Interface Description:
Header defines the correlation function, the interface is clear:
1) Function av_audio_resample_init () to initialize the parameters resampling, the first six parameters well understood,
- After resampling the number of channels @param output_channels
- @param input_channels soundtrack number of road
- After resampling the sampling rate @param output_rate
- @param input_rate original sampling rate
- After @param sample_fmt_out resampled audio data formats
- @param sample_fmt_in original sampled data format
After four parameters substantially using default parameters (I did not know the use of these values), respectively: 16, 10, 0, 1
2) Function audio_resample () for resampling the first three parameters are context / data output / input data, note that the last parameter refers to a "number of original sample data", rather than the number of bytes. Function return value is the number of samples after resampling.
3) Function audio_resample_close () to clean up resource allocation resampling.

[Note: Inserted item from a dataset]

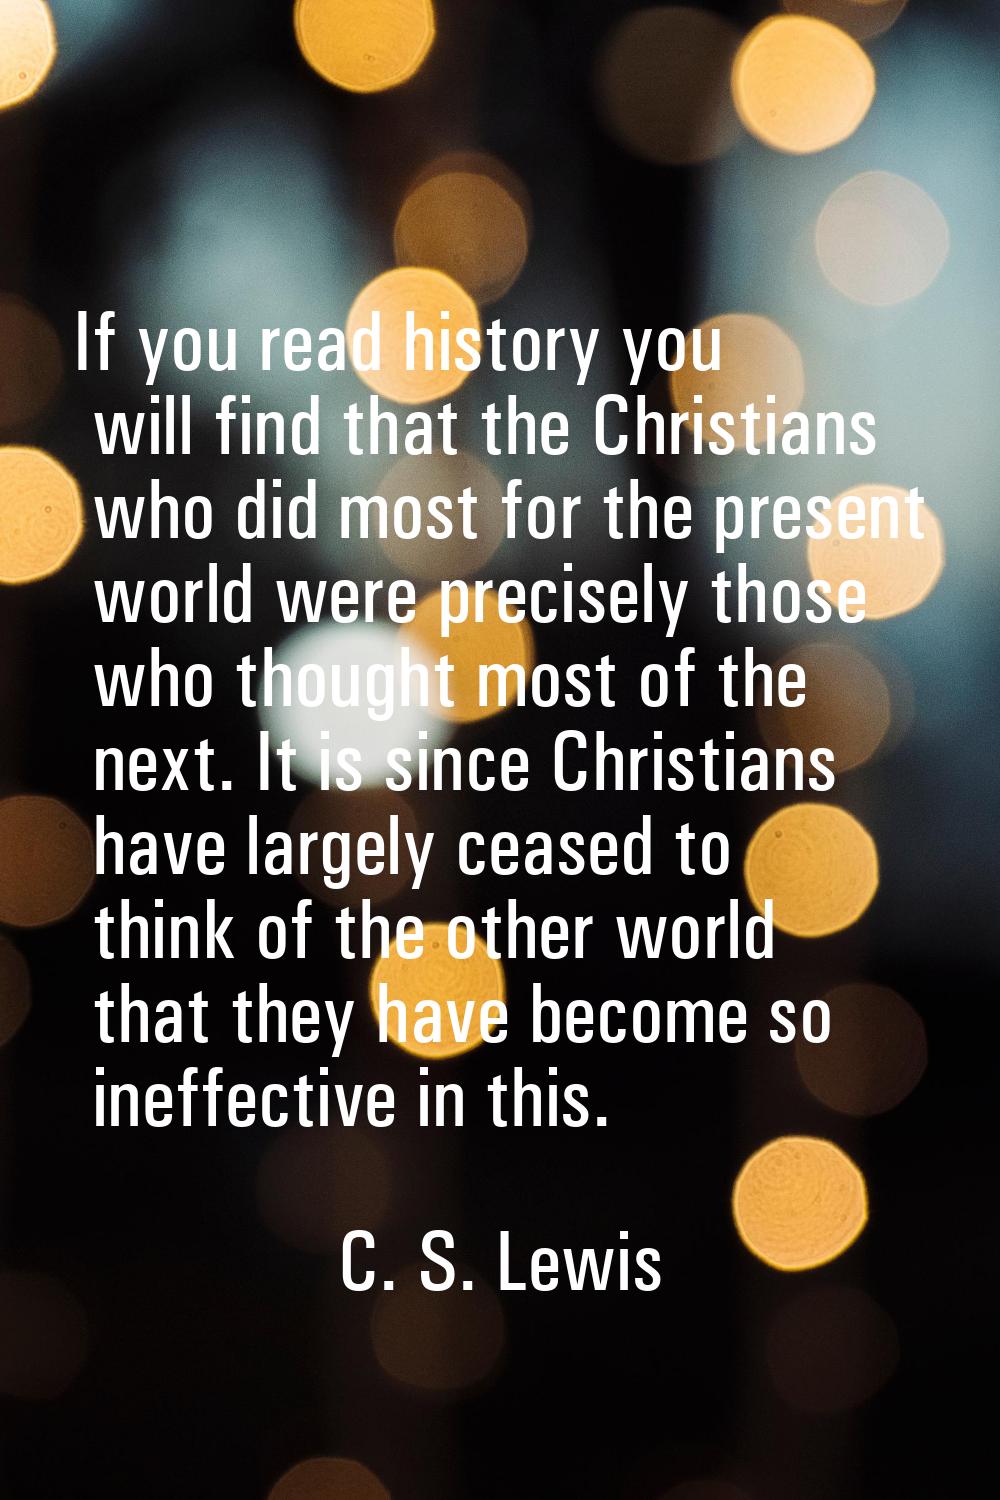 If you read history you will find that the Christians who did most for the present world were preci
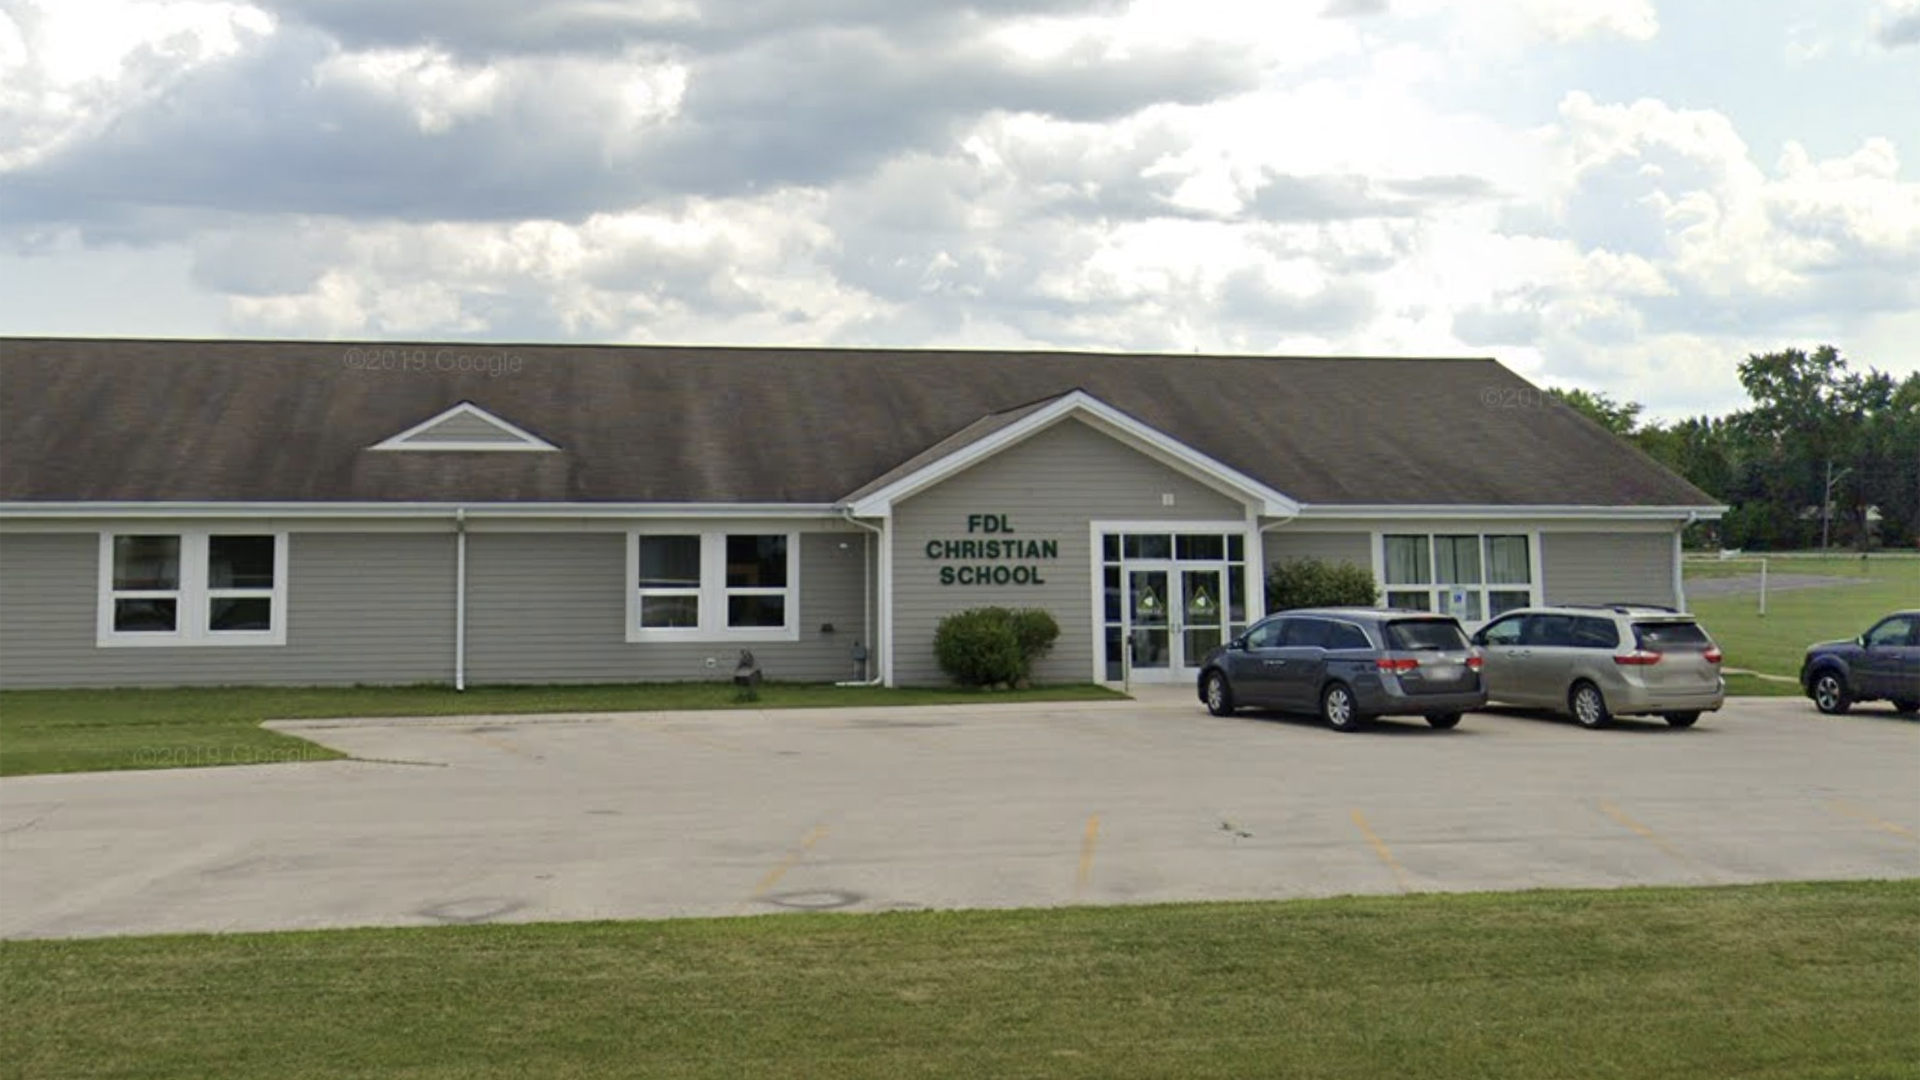 A Google Maps photo shows a one-story building with a sign reading "FDL Christian School," with multiple cars in a parking lot in the foreground.

typedef struct ReSampleContext ReSampleContext;
/**
* Initialize audio resampling context.
*
* @param output_channels number of output channels
* @param input_channels number of input channels
* @param output_rate output sample rate
* @param input_rate input sample rate
* @param sample_fmt_out requested output sample format
* @param sample_fmt_in input sample format
* @param filter_length length of each FIR filter in the filterbank relative to the cutoff frequency
* @param log2_phase_count log2 of the number of entries in the polyphase filterbank
* @param linear if 1 then the used FIR filter will be linearly interpolated
between the 2 closest, if 0 the closest will be used
* @param cutoff cutoff frequency, 1.0 corresponds to half the output sampling rate
* @return allocated ReSampleContext, NULL if error occurred
*/
attribute_deprecated
ReSampleContext *av_audio_resample_init(int output_channels, int input_channels,
int output_rate, int input_rate,
enum AVSampleFormat sample_fmt_out,
enum AVSampleFormat sample_fmt_in,
int filter_length, int log2_phase_count,
int linear, double cutoff);
attribute_deprecated
int audio_resample(ReSampleContext *s, short *output, short *input, int nb_samples);
/**
* Free resample context.
*
* @param s a non-NULL pointer to a resample context previously
* created with av_audio_resample_init()
*/
attribute_deprecated
void audio_resample_close(ReSampleContext *s);
Sample code:
On the FFmpeg 3.2, use the interface actually not easy, after all, this interface is the interface with the old audio decoding avcodec_decode_audio3 use. The new audio decoder interfaces (avcodec_decode_audio4 update or send / recive Interface), the decoded audio data will be stored in the data AVFrame structure, the data for the planar type, each channel is distinguished presence of an array such data [0], data [1 ], data [2] ... This is a problem when re-sampling, have to re-merge together the respective channel data, troublesome, so the following example, if a planar type of data, wherein a channel we only take the make resampling.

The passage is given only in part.